# Let $X$ be a locally compact Polish space. Is the space of continuous functions with compact support dense in that of $\mu$-integrable functions?

I'm reading this question for which I would like to clarify the theorem mentioned there. We have

• (S1) Let $$X$$ be a locally compact Hausdorff space. Then the space of continuous functions with compact support is dense in that of continuous functions vanishing at infinity w.r.t. $$\| \cdot \|_\infty$$. ref.

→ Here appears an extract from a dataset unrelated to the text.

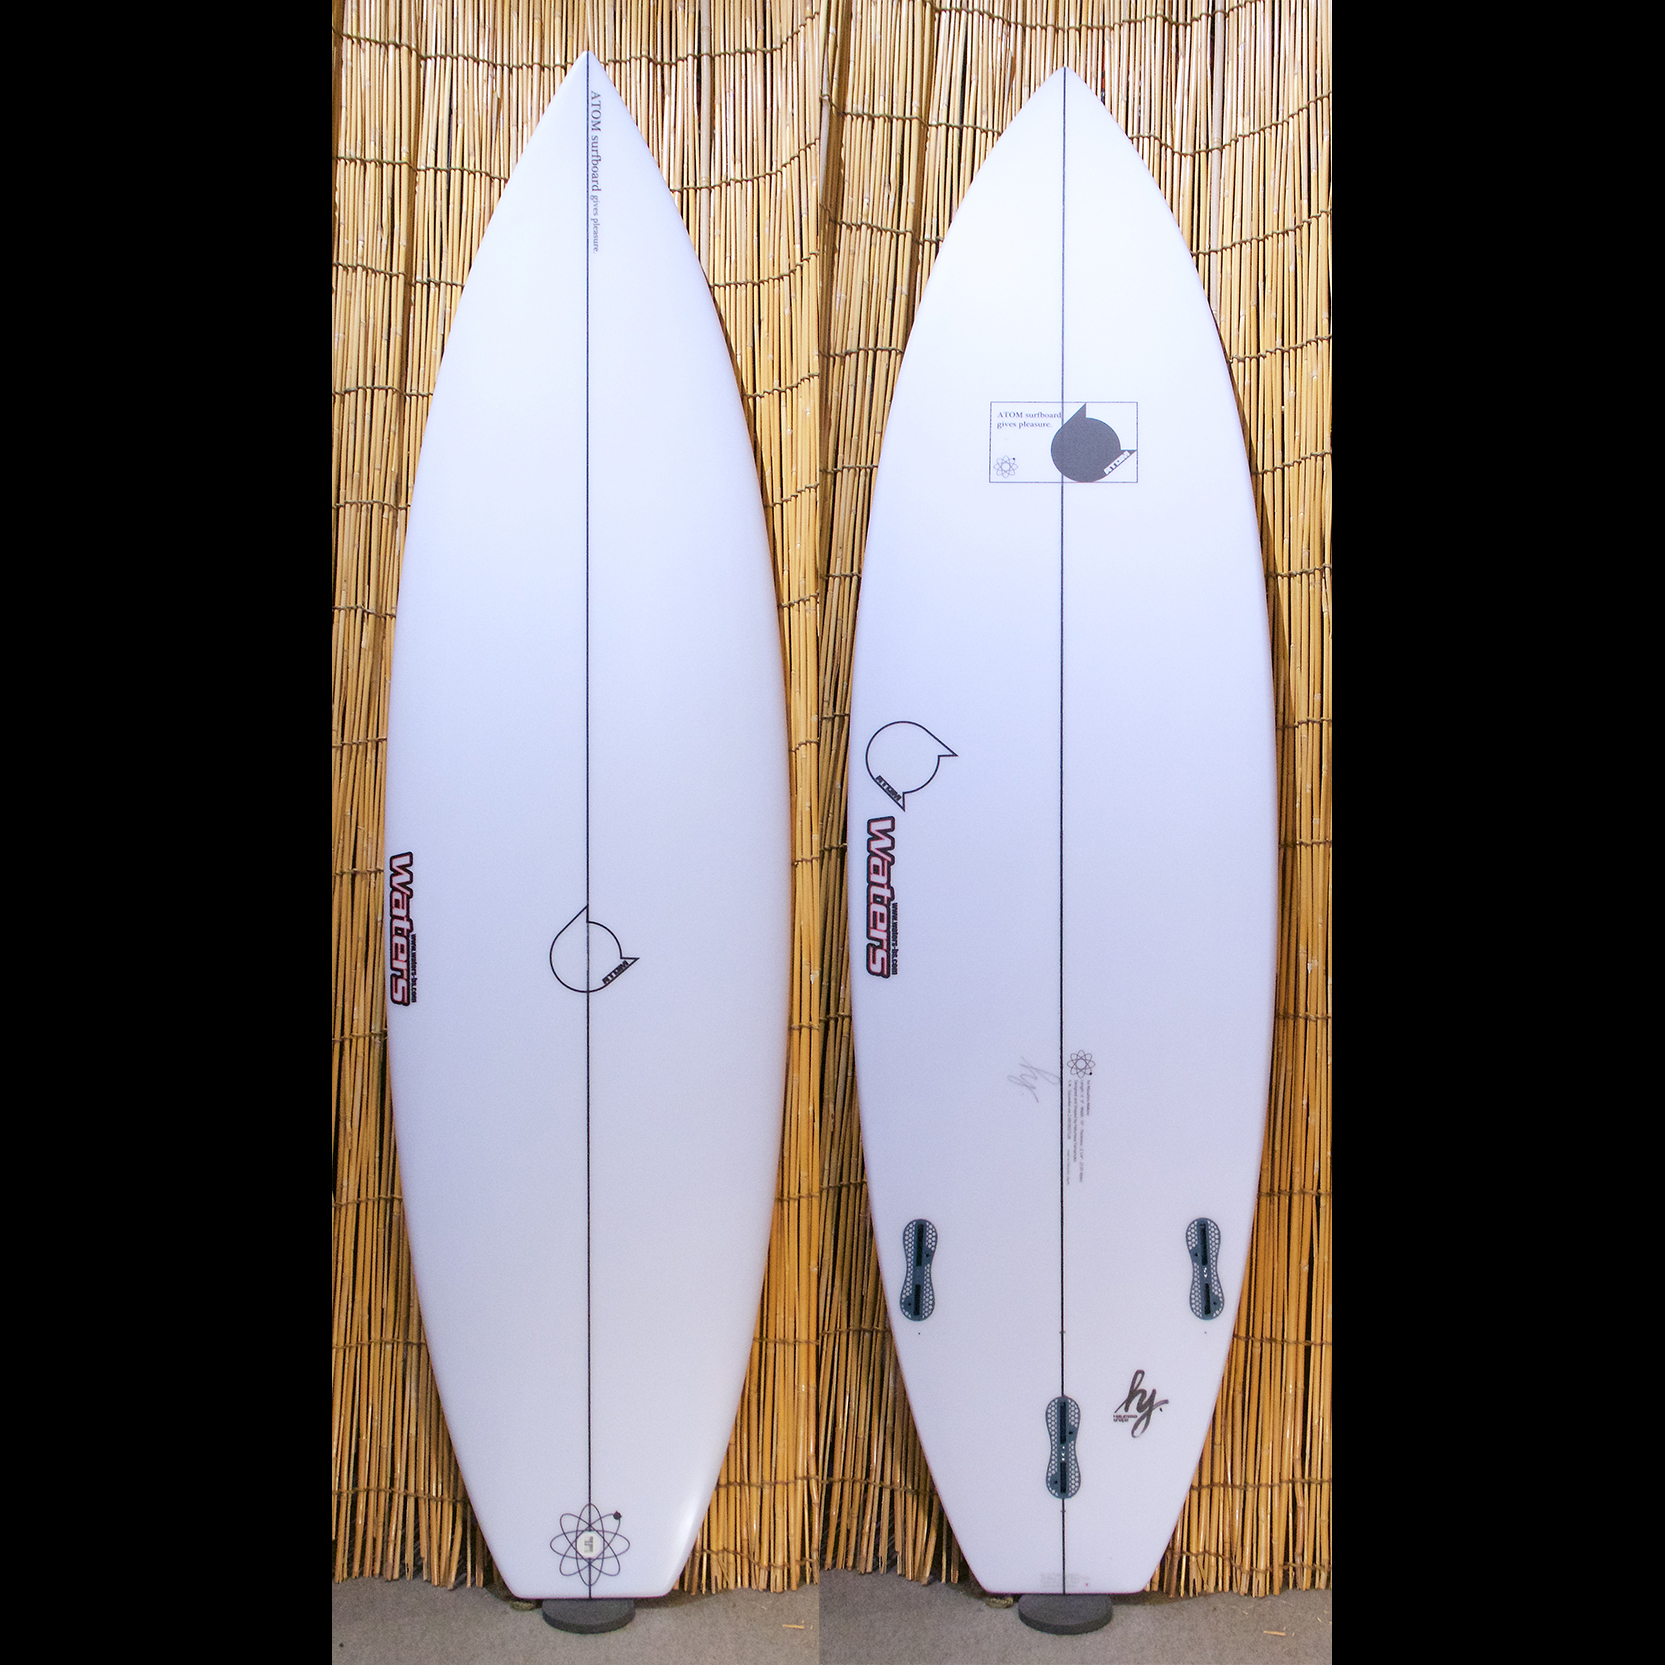 ATOM Surfboard “Squawker2.0” model

• (S2) Let $$X$$ be $$\sigma$$-compact, locally compact Hausdorff space and $$\mu$$ is a Radon measure on $$X$$. Then the space of continuous functions with compact support is dense in that of $$\mu$$-integrable functions w.r.t. $$\|\cdot\|_{L_1}$$. ref

Does (S2) still hold if we drop the $$\sigma$$-compactness condition? If not, does below statement hold?

Let $$X$$ be a locally compact Polish space and $$\mu$$ is a Borel measure on $$X$$. Then the space of continuous functions with compact support is dense in that of $$\mu$$-integrable functions w.r.t. $$\|\cdot\|_{L_1}$$.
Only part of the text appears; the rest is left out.